Mindful Reflection Tip #5

Sometimes you have freedom of choice, but other times you’re bound by the consequences of those choices.

The Web of Life

Life isn’t just a biochemical reaction. It’s the constant flux of mind and matter. What you are is a product of your environment. What would you think and feel, wonder or worry about if it weren’t for the words and ideas, love and frustrations of others?

Another way of saying this is that life is contingent: everything connects — directly or indirectly, in space or in time. Your sense of self is not just an idea, it’s the story of your life, deeply rooted in emotions, habitual responses, unconscious patterns and all that has molded you.

You are both less and more than you imagine. You’re not a totally free agent responsible for everything you experience; neither are you an eternal victim of circumstances. You’re part of a bigger picture in which sometimes you have freedom of choice, but other times you’re bound by the consequences of those choices, in which getting what you don’t want may be the greatest gift of all.

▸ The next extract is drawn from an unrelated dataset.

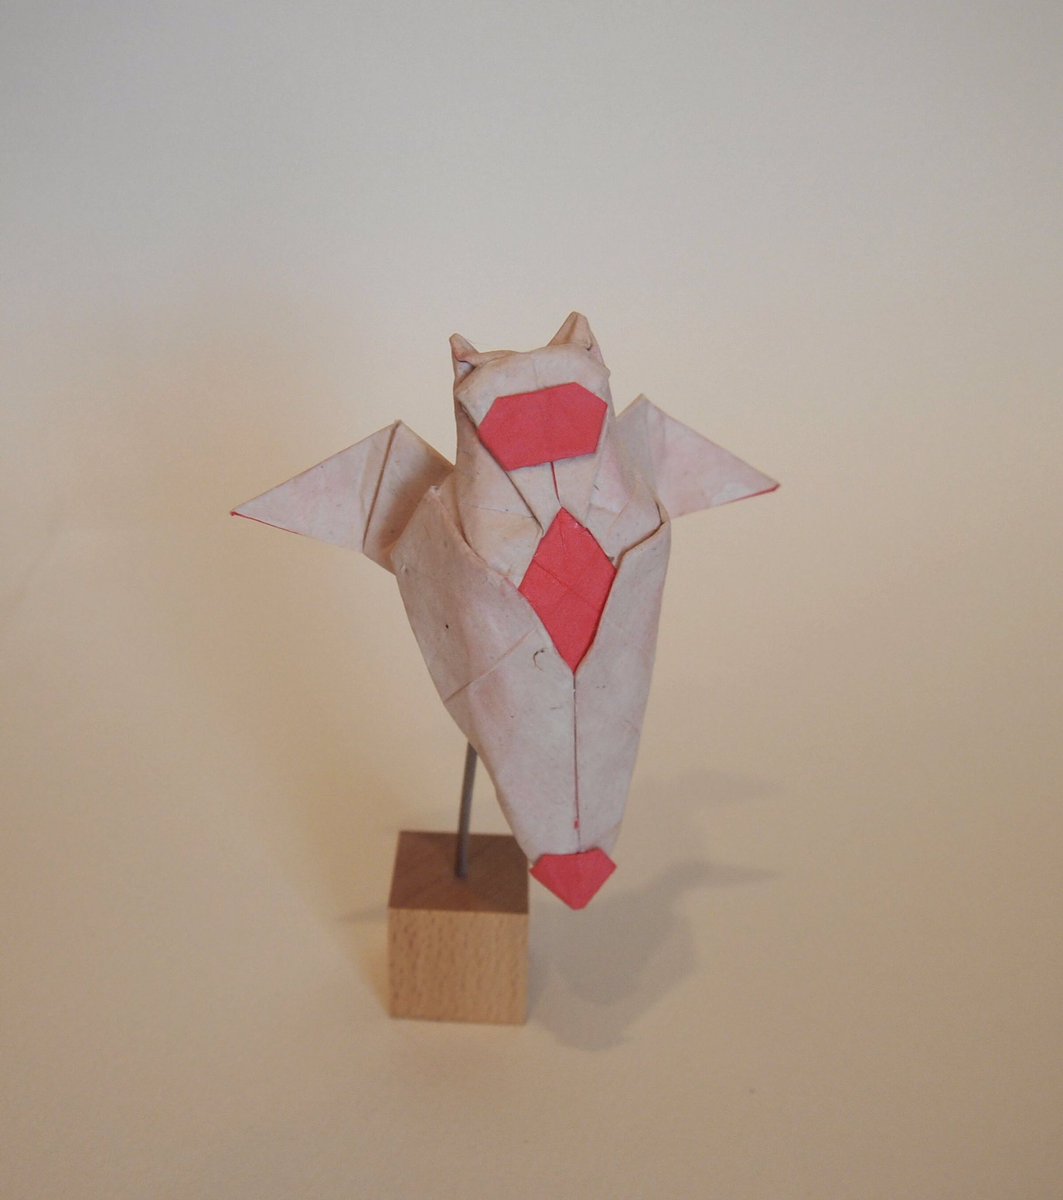 O Xrhsths 一匹柴犬 Sto Twitter 折り紙作品 クリオネ 創作 折り 一匹柴犬 正方形1枚折り Origami 折り紙作品 折り紙

Your life is ruled by cause and effect, not by you. You learn and grow intuitively. You’re creative and compassionate to the extent that you don’t allow self-consciousness to get in the way. Understanding this as a fact is not enough. Only by reflecting on it repeatedly will you come to see yourself in a new light.

Remind yourself at every opportunity that you’re not in control. You don’t need to take the reins of life, can’t be who you think you should be. It’ll never happen anyway. Mindfulness gives you breathing room because it’s not about how things should be; it’s about how they are. Allow mistakes; give yourself a break. Instead of setting yourself up for future frustration by vowing to never make another, just be more attentive. Instead of trying to take the reins or the blame, be honest with yourself. It’s the key to growth.

At the root of dishonesty is fear. It comes from thinking you need to be other than you are. Contingency means you’re a product of circumstances — nothing other than can be expected. Ego is threatened by this, but the ego’s not your friend. It’s something made up to protect itself. Weird? You bet. Contradictory, irrational and confounding? Welcome to human life.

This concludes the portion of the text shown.